A better look at the 'lapping in' between control surface and trailing-edge of the amidships horizontal stabilizer. The rudders and stern planes have pins up near the leading edge -- the center of rotation not far behind the trailing edge of their respective stabilizers trailing edge. However, the KAIRYU's midship planes are pinned well aft of the control surfaces leading edge, dynamically balancing them; they would require little force to position them, even in the face of a significant fluid flow. I think I know why: Perhaps these planes were positioned by a crewman directly through a linkage that presented him with little mechanical advantage over those planes. Hence, those planes were balanced. I suggest that the midship planes (like today's sail mounted planes) were only useful in producing an 'up' or 'down' dynamic force, used for depth control. These surfaces directly controlled through a simple handle attached to an athwortship operating shaft which ran through the boats control room, much like the arrangement on the HUNLEY's bow planes. I would suggest that the Commander, either looking through his scope, or through the sails porthole, would be the one operating the midship planes to fine-tune the depth of his boat. The other crewman aboard the KAIRYU (reports are that there were only two on board an operational boat) would likely operate the propulsion plant (diesel/ electric), steer the assigned course, and maintain the boats bubble with the stern planes.
The half-moon looking penetrations on all three control surfaces have something to do with how the Japanese connected the operating shafts within the control surfaces. I represented these very distinctive penetrations by drilling holes, then cutting a channel with a thin Dremel saw blade through the center of the holes, and inserting a thin gauge piece of plastic sheet to bisect each hole. Some putty and sanding and that took care of that. Note that I'm using photos of the actual prototype to pick out these and other details.
I used an intermediate tool, pulled off the Super Sculpy intermediate masters. From that tool I cast production masters (multiple copies being needed) of the cleat and exhaust pipe mounting brackets. I vacuum cast these items to insure no bubble voids collected at the bolt heads and tips of the cleat horns.

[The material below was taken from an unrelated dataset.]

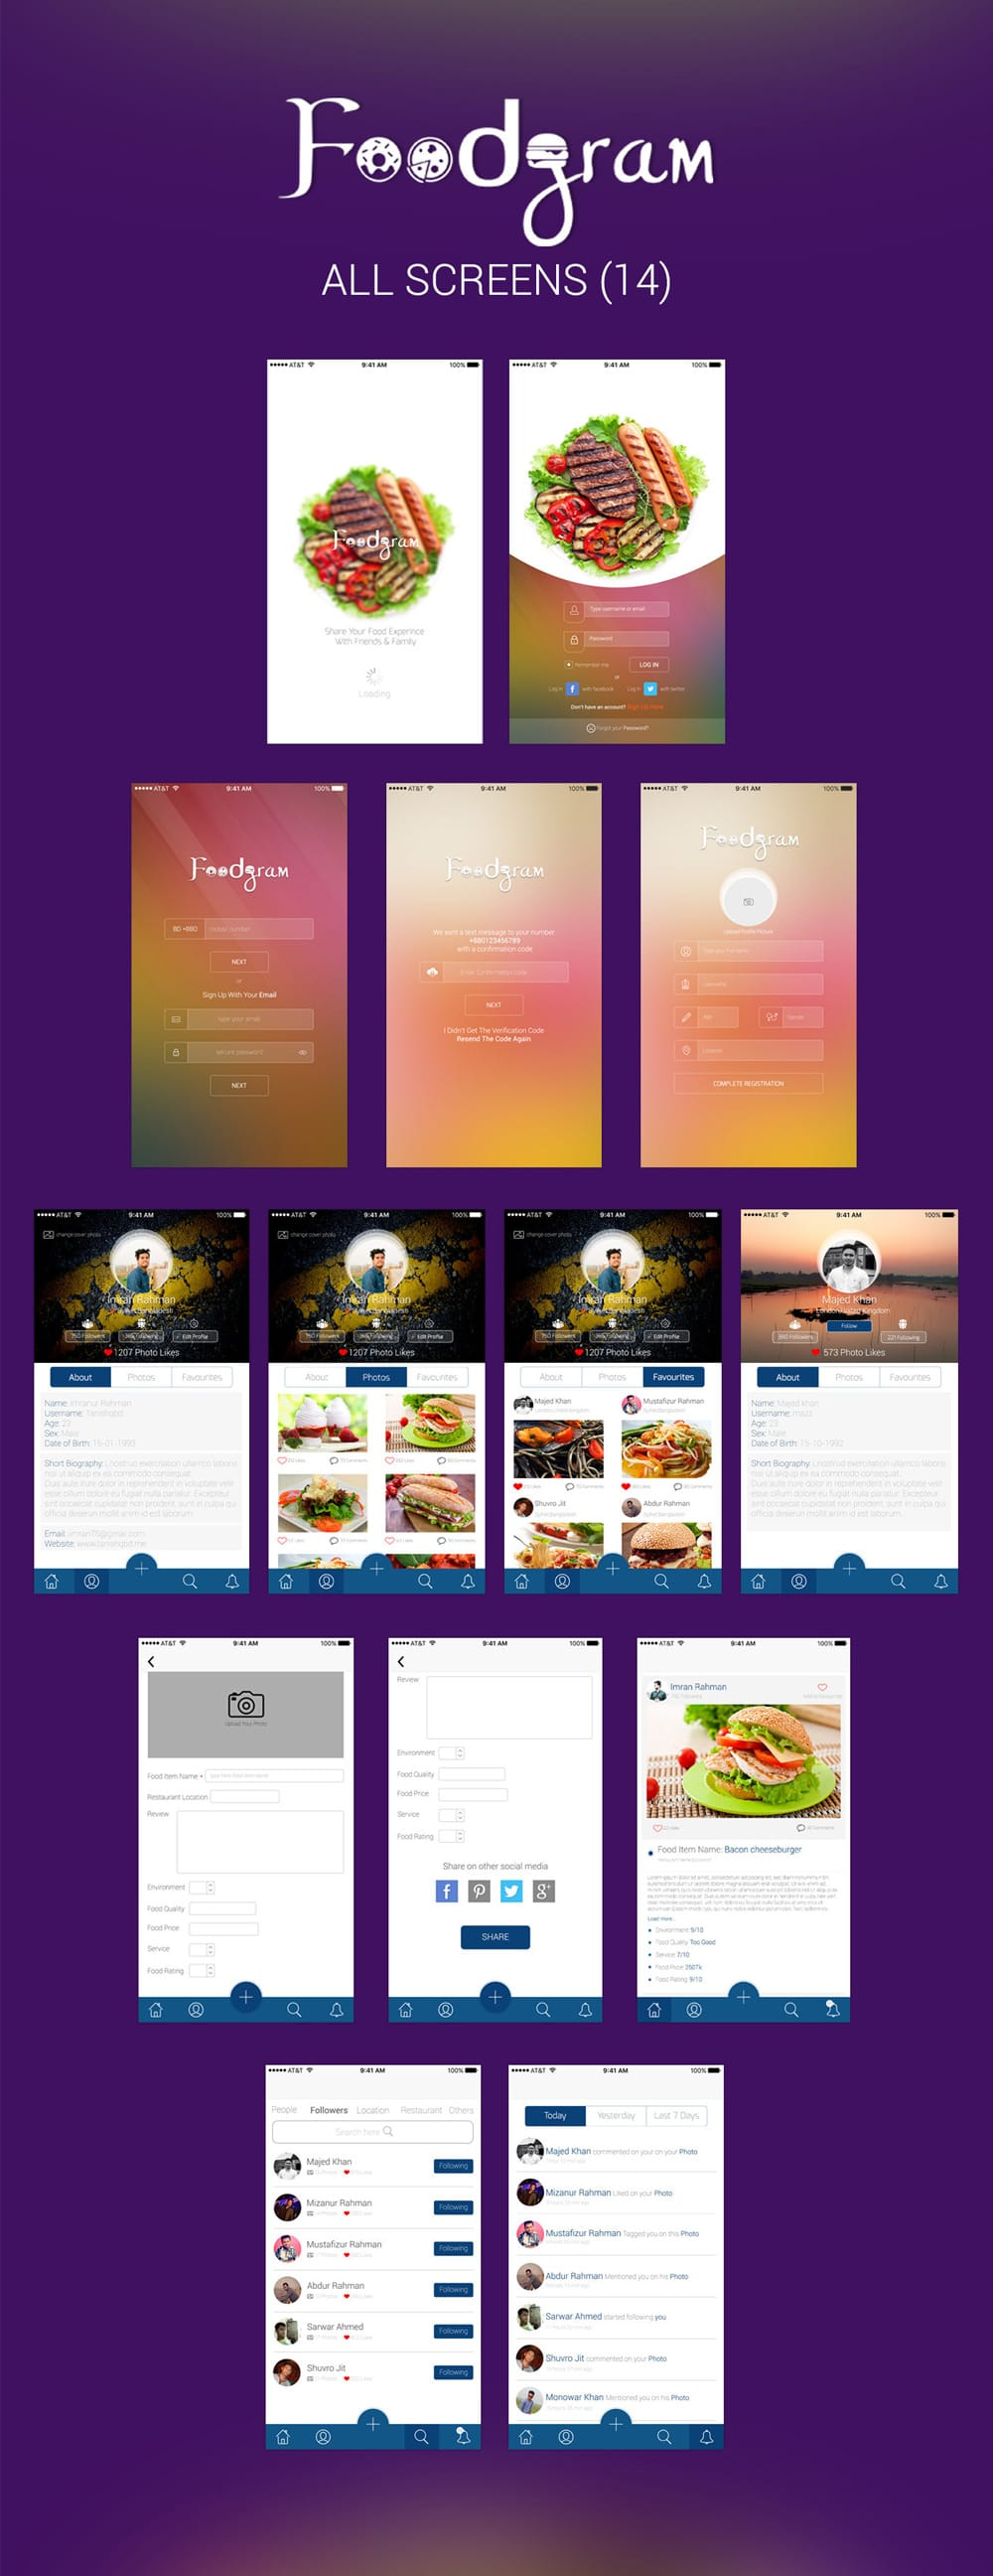 Foodgram - Free App UI PSD
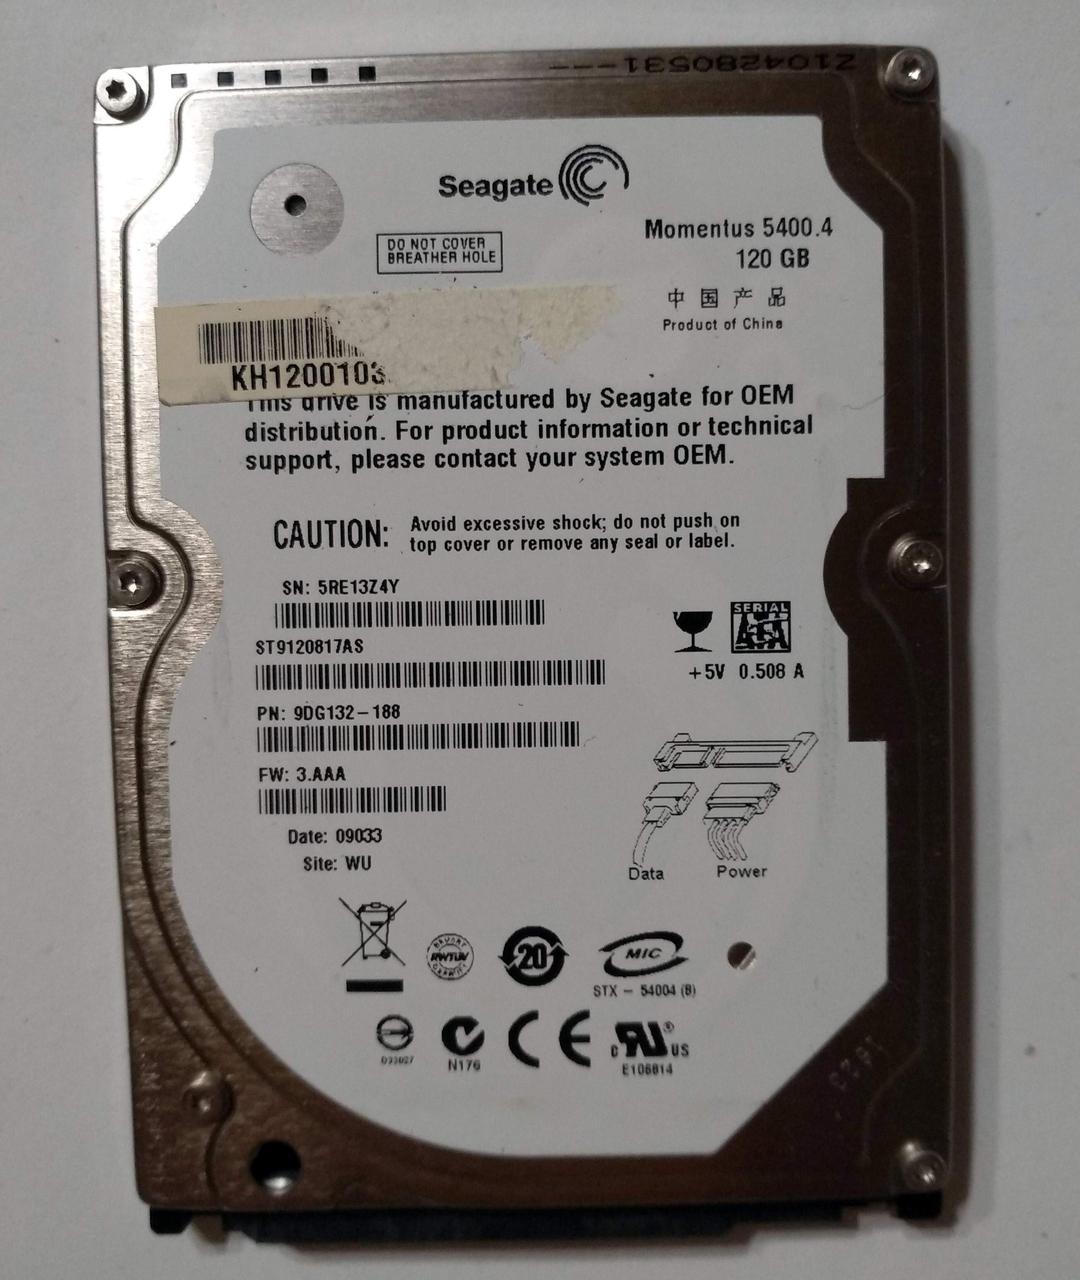 475 HDD Seagate 120 GB SATA2 2.5'' 5400 8MB - ST9120817AS - хорошее состояние

Careful sprue, feed, and vent design of the production tools would permit the simpler, more productive pressure casting process to be used for casting of the kit parts.
After dressing up the production masters of the three brackets I assembled these, the gooseneck and flange plate masters with a length of aluminum tube to insure that everything fit correctly -- only once assured that I had practical masters did I commit them to the creation of the production tools.
You can see how well the hex-shaped extruded Sculpy did capturing the six facets of the 'bolts' that fit atop the flange plate and mounting brackets. Note how the goose-neck-to-pipe seam is hidden under the after most mounting bracket.
I have a standard moldboard (a wooden disc with hold down and sprue pins installed -- sized to fit my centrifugal spin-casting machine) I use when I create a new disc tool for spin casting. I simply lay on some backing clay to the moldboard, inset the masters in a circular array within, wind a masking tape dam around the circumference of the disc shaped mold board, and pour catalyzed RTV rubber to start the first half of the tool. But, before all that I mockup the array of masters on a piece of poster-board to get the spacing right. Once happy with the arrangement on paper I transfer the masters to the clay layered molding-board, mash the masters about halfway into the clay and tighten up the fit between masters and clay with a wet stippling brush. I've placed a set of completed disc type rubber tools next to the work so you can appreciate how the completed tool will look and fit together (That tool dedicated to the production of white metal parts for a Matt Thor WW2 era Russian submarine model he's currently working on).
Two molds would be needed for metal casting and two for resin casting. The two circular mockups are for metal casting, the larger circle is for a 'disc' type tool used for centrifugal 'spin casting' of the many smaller detail parts needed to dress out the 1/16 KAIRYU model. The smaller, circular outline representing a gravity pour tool that will be used to cast the single propeller. The two oblong tool outlines are for the two resin casting tools, needed to cast the periscope head, hatch, gooseneck, control surfaces and stabilizers.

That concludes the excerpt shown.